Rental income is declarable income

It should go without saying, but Revenue Canada will be very much interested in the income you’re making from rent.  Regardless of whether you’re renting an investment property or part of your own personal home—a separate unit in your home or just a room in the condo you live in—that money needs to be formally declared as part of your taxes.

But there are a lot of things you can legally write off

Renting your condo unit means you have rental-related expenses, many of which you can claim against your income at tax time.  You can write off rental expenses that occur at any part of the rental process, including:

  • Fees you’ve paid to advertise your condo unit to prospective tenants, including listings with real estate agents, rental agencies, property listing sites, cleaners, and staging companies;
  • Fees paid to any management company you’ve hired to take care of the property;
  • Maintenance and repairs to your property;
  • Office supplies you’ve bought for administering your condo, including small stationery like pens;
  • Property insurance on your rental condo;
  • Property taxes on your rental condo;
  • Interest that accrues on your mortgage while you’re renting the property;
  • Utilities to the rental condo that are included in your lease with your tenants, including condo fees;
  • Your accounting and legal fees;
  • Travel costs, if you’re doing your own maintenance.

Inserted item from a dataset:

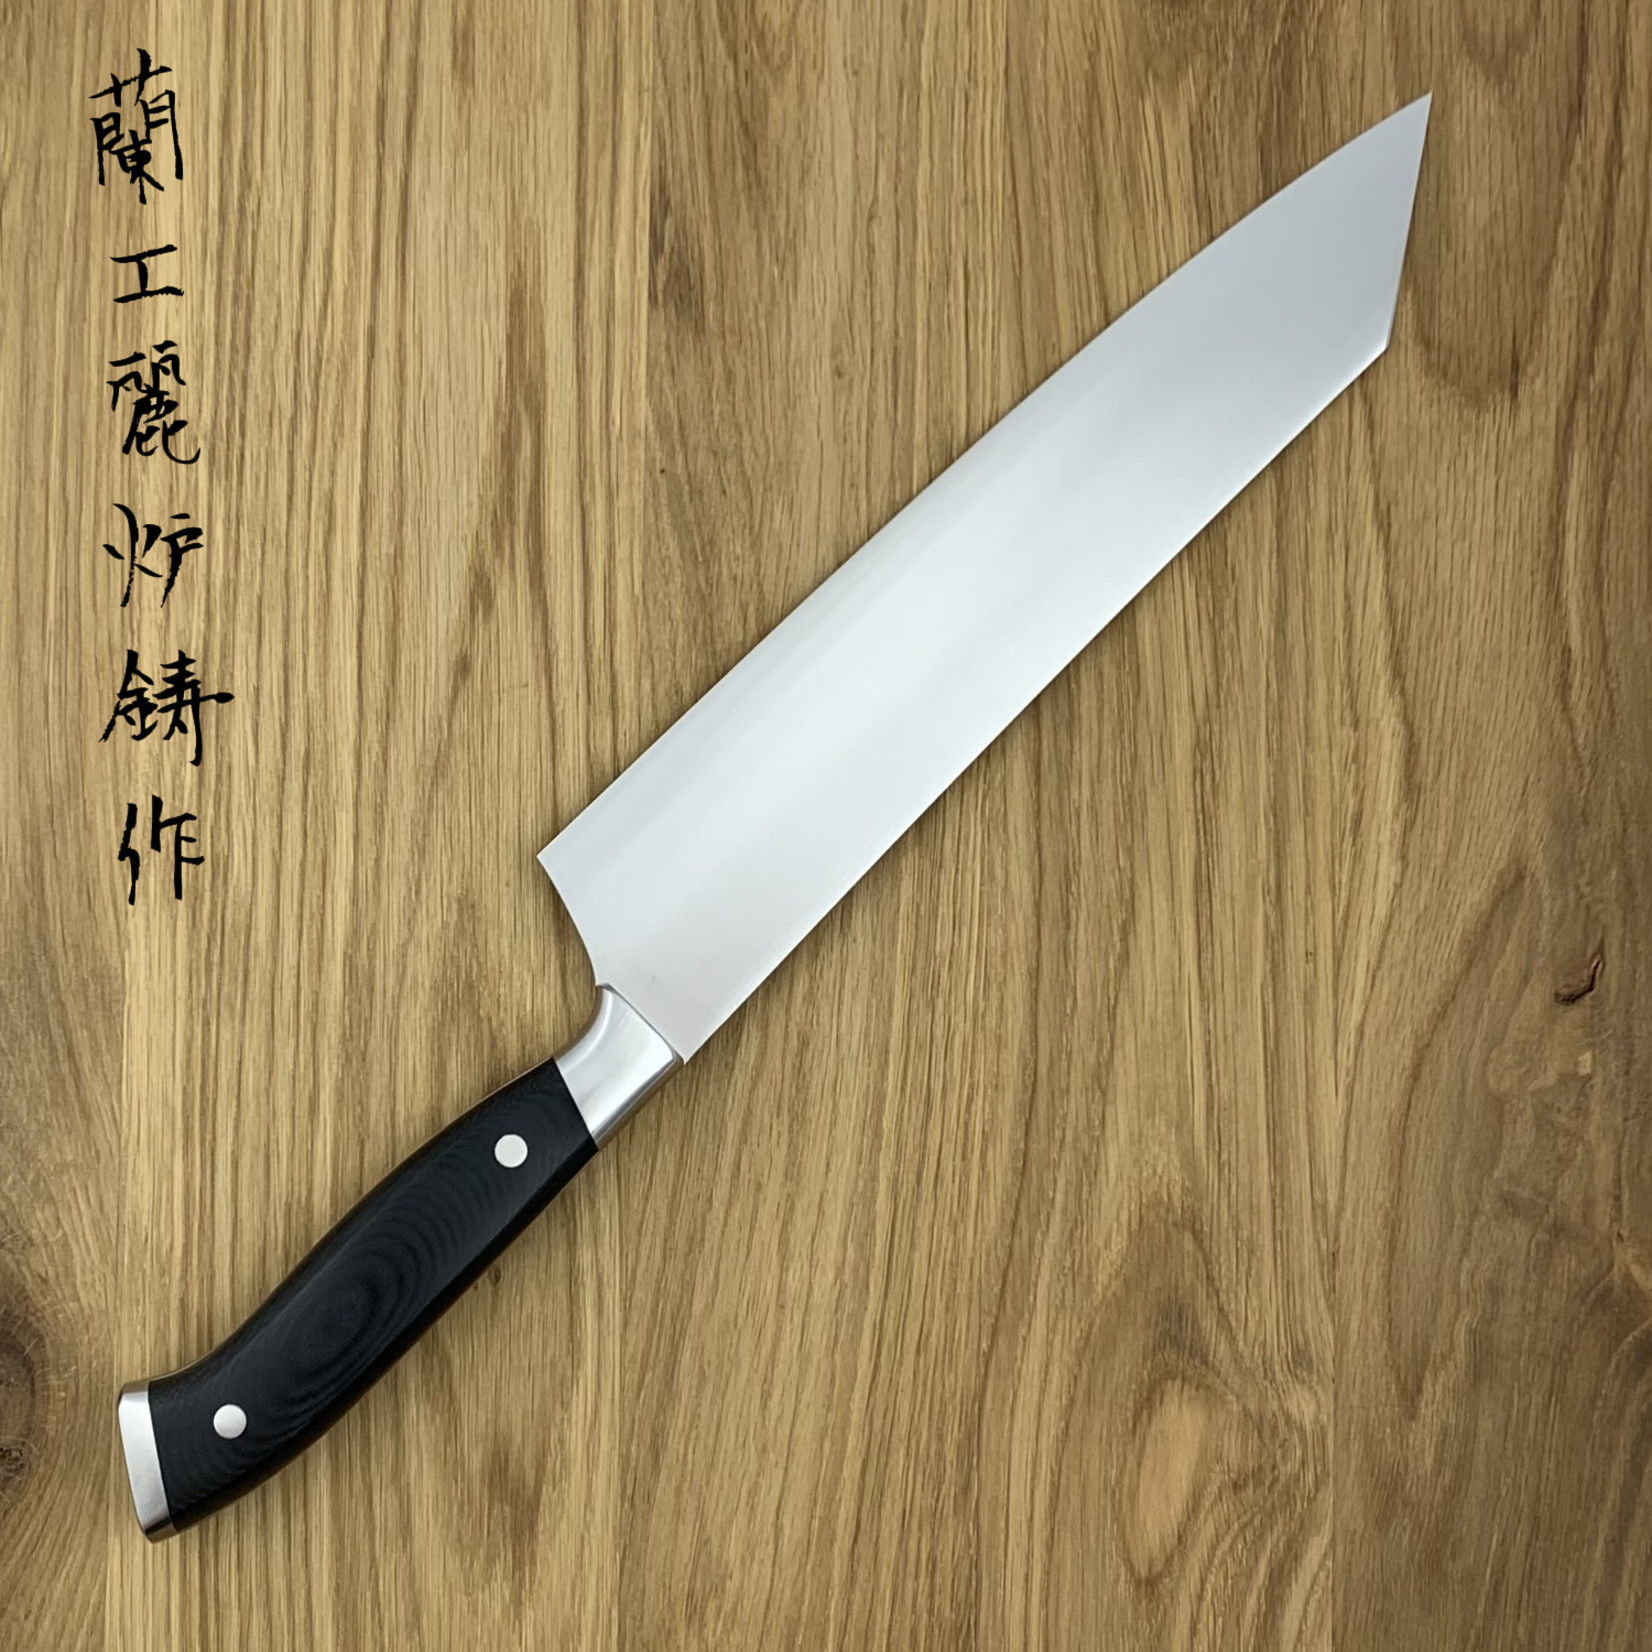 NENOHI NENOX S Black Kiritsuke 240 mm

That’s just the run-of-the-mill stuff—your current expenses.  You can also write off a whole category of expenses called Capital Cost Allowances—the big purchases—which include any appliances, equipment, furniture, fixtures that you’ve purchased for your rental property.

What you can’t deduct: The principal on your mortgage, land transfer taxes, or your own maintenance labour.

So I hope you kept your receipts

It’s a fundamental: hold on to your receipts for any expenses that relate to income.  Going forward, create a folder for all your rental-related expenses, and hold on to any receipts or proofs of payment that come your way.

Got everything!  Now, how do I do all this stuff?

Pick up a Form T776 from your closest available Internet, and fill it out with all this assembled information.  The number it spits out at the end of that afternoon should be your net rental income, which goes on Line 126 of your personal tax return and factors into your overall total taxes owed.

This is not making all that much sense to me.

When in doubt, ask the CRA.  The great thing about Revenue Canada is that they tend to want you to succeed at your taxes, not fail, so they’re generally quite forthcoming with information and tips—and have a handy guide for everything you need to know about rental income on your personal taxes.  The CRA’s guides aren’t short, but they’re detailed, and they’re full of clear examples on how each exemption and regulation works.

No, really.  I’m lost.

If you still find yourself out of your depth, or start to handle multiple rental properties, it’s a good idea to outsource to a local accountant.  They’re worth their weight in delicious tax credits, know both your obligations and the advantages you can bring to bear on your taxes as a landlord.  And overall, it never hurts to have the peace of mind you get from a professional on the case.

Estimate for next year

Now that you’ve got that done, estimate what your expenses might be for next year—and put that against your expected year’s income.  If you do this right, and set aside what you’ll need to pay in rental income taxes as the money comes in, paying your taxes next year should be absolutely painless.